The preliminary step is to help clients become aware of their negative self-hypnosis. To accomplish this, we often ask the clients to focus in on either the symptom, or the situation surrounding the symptom. In a directed free associated manner the patient is encouraged to focus inward, to allow any thoughts, images or sensations to manifest. Generally, the patients are guided through the examination of their negative self-affirmation, negative imagery, and alterations of their mood. Typically, there is an alteration between the former two and a checking back on the latter as individuals express their "thoughts" and "images". In so doing, the focus is switched away from the symptom to the internal representations the patient is generating.


In certain cases, a focus on the somatic experience is helpful. This helps clients to recreate the sensations they experience during their dysfunction and from there, the therapist can ask clients to express in words how they "feel." Often what is expressed is either metaphors of the symptom, e.g., "I feel like a dark, dry cavern," as in the case of a female patient experiencing vaso-congestive dysfunction; or more generalized, "I feel like a nothing", as expressed by a man with impotence. In such cases individuals are led into the inner experience of their metaphor, and if possible, encouraged to use imagery to create positive visual and verbal affirmations. In the former case, the patient imagined moving through the cave, coming to another entrance which opened onto a waterfall and was filled with mist and moisture. Over time, she was able to visualize the new cave. In the latter case, the individual focused upon his self-talk, addressing the negative self-statement about himself. Interestingly, as he repeated the phrase, “I am nothing” over and over, sub-vocalizing to himself as a way of moving into his negative self-affirmation experience, his psycho-semantics modified slightly and he began to say “I am no thing,” then finally an image of himself without a penis came into his mind. He worked on understanding this image of himself and the images focused around the self-talk of being "a dickless wimp", a name he was often called by his father, and which as at the heart of his feelings of inadequacy and self-anger. Through cognitive hypno-therapy, he developed a better understanding about himself and his impotence dissipated.




The hypno-therapeutic interventions to counteract the process of negative self-hypnosis can be divided into general and specific techniques. Three basic principles, however, are common to both. First, do not provide the client with grounds for resistance. The utilization of a permissive invitational approach and careful observation of the client’s inner representational modalities help avoid the build-up of resistances. Second, help the client experience, his/her sensuality as joyous, childlike, or playful experience and third, approach the symptom whenever possible from a systemic direction involving the sexual partner in the hypnotic techniques as much as possible.


These basic principles can be applied to the three main uses of hypnosis in sex therapy: 1) etiological understanding, 2) symptom relief and 3) subconscious mental rehearsal. A range of hypnotic techniques can be used to examine the etiology of the sexual problem including its genesis for the individual and maintenance within the system. Five specific diagnostic techniques have proven especially elegant and effective. The first technique, covert sexual examination, involves having the client while in the alternate state of hypnosis, see him/herself naked in front of a full-sized three-way mirror and to describe his/her body, evaluating every part of it. Questions can be asked, focusing on the client’s descriptions and the client can be invited to express associations with past memories of current situations. Couples can engage in this procedure simultaneously sharing their experience of themselves and their partners. Positive affirmations can be introduced by the therapist, but even more effectively by the patient.


Another technique involved utilizing the subconscious wisdom of the individual to allow the real nature of the sexual problem to be revealed to the conscious mind. This can be accomplished through imagery such as visualizing a TV screen, which presents different aspects of the sexual problem, or through the examination of somatic sensations that act as a bridge to underlying conflicts.

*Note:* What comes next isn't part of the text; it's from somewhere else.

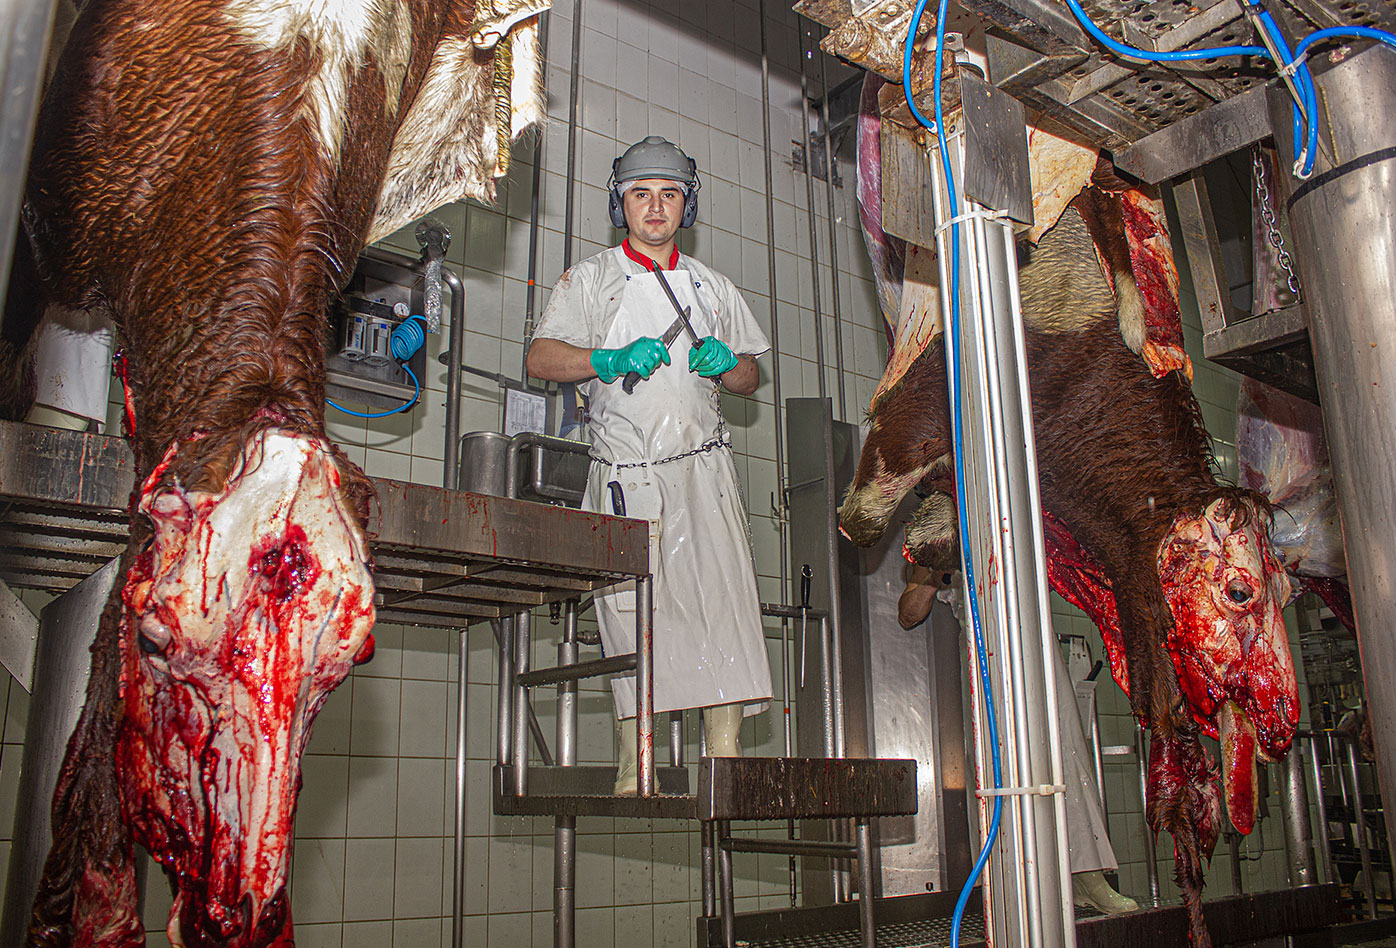 Un trabajador de matadero posa entre dos vacas muertas que están listas para ser desolladas・Gabriela Penela・We Animals Media
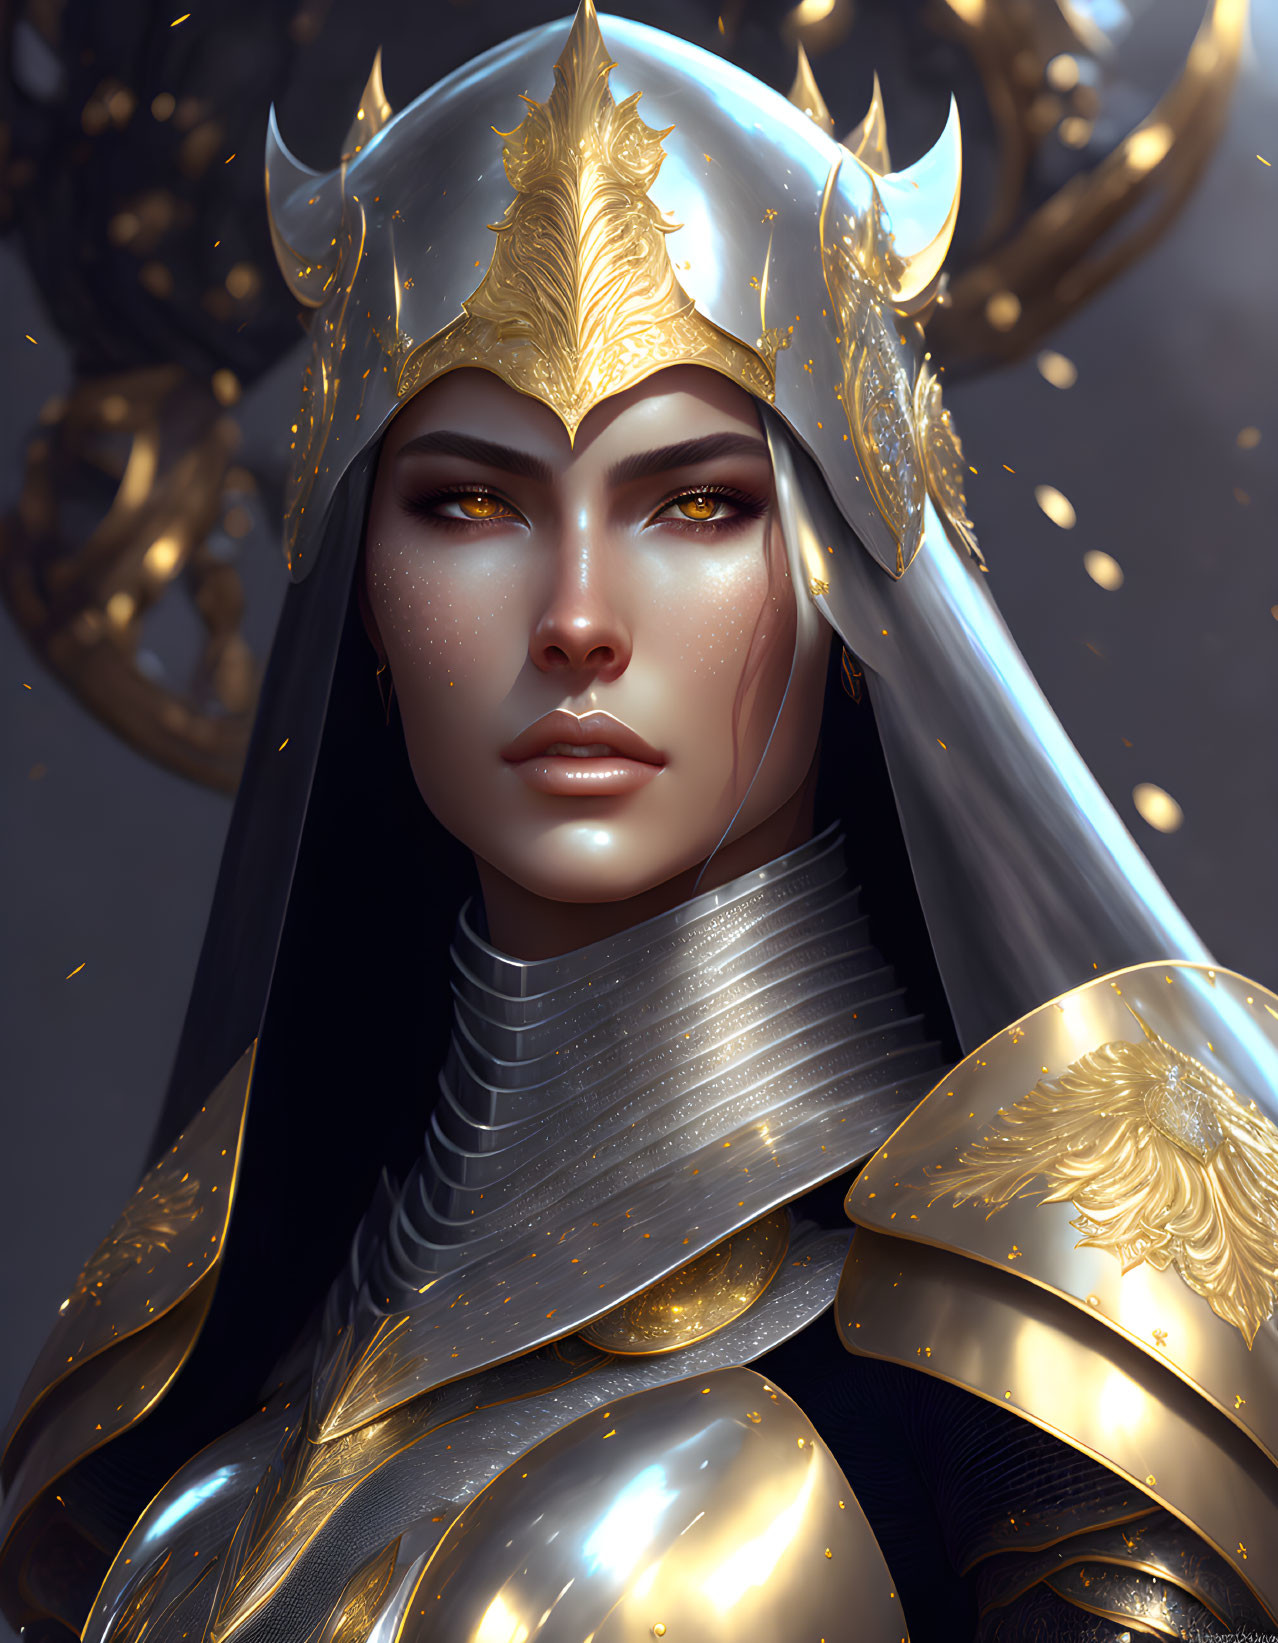 Golden-armored female warrior in ornate helmet on dark background

Having a couple work through an induced dream (Sacerdote, 1967) gives them a common point to explore their respective experiences within the systemic aspects of the sexual problem.


A well-known and frequently utilized diagnostic technique is the use of ideomotor questioning where, while in a hypnotic state, the patient is asked to answer questions either "yes" or "no" by raising one or another finger. The technique is especially useful in “sensitive” areas where the emphasis is on the patients’ subconscious response to questions that the conscious mind many not wish to address. In couple counseling, this is especially helpful in creating an atmosphere where the partners feel an increased permission to answer honestly and openly. This is due to the distance created when their sub-conscious is allowed to answer for them.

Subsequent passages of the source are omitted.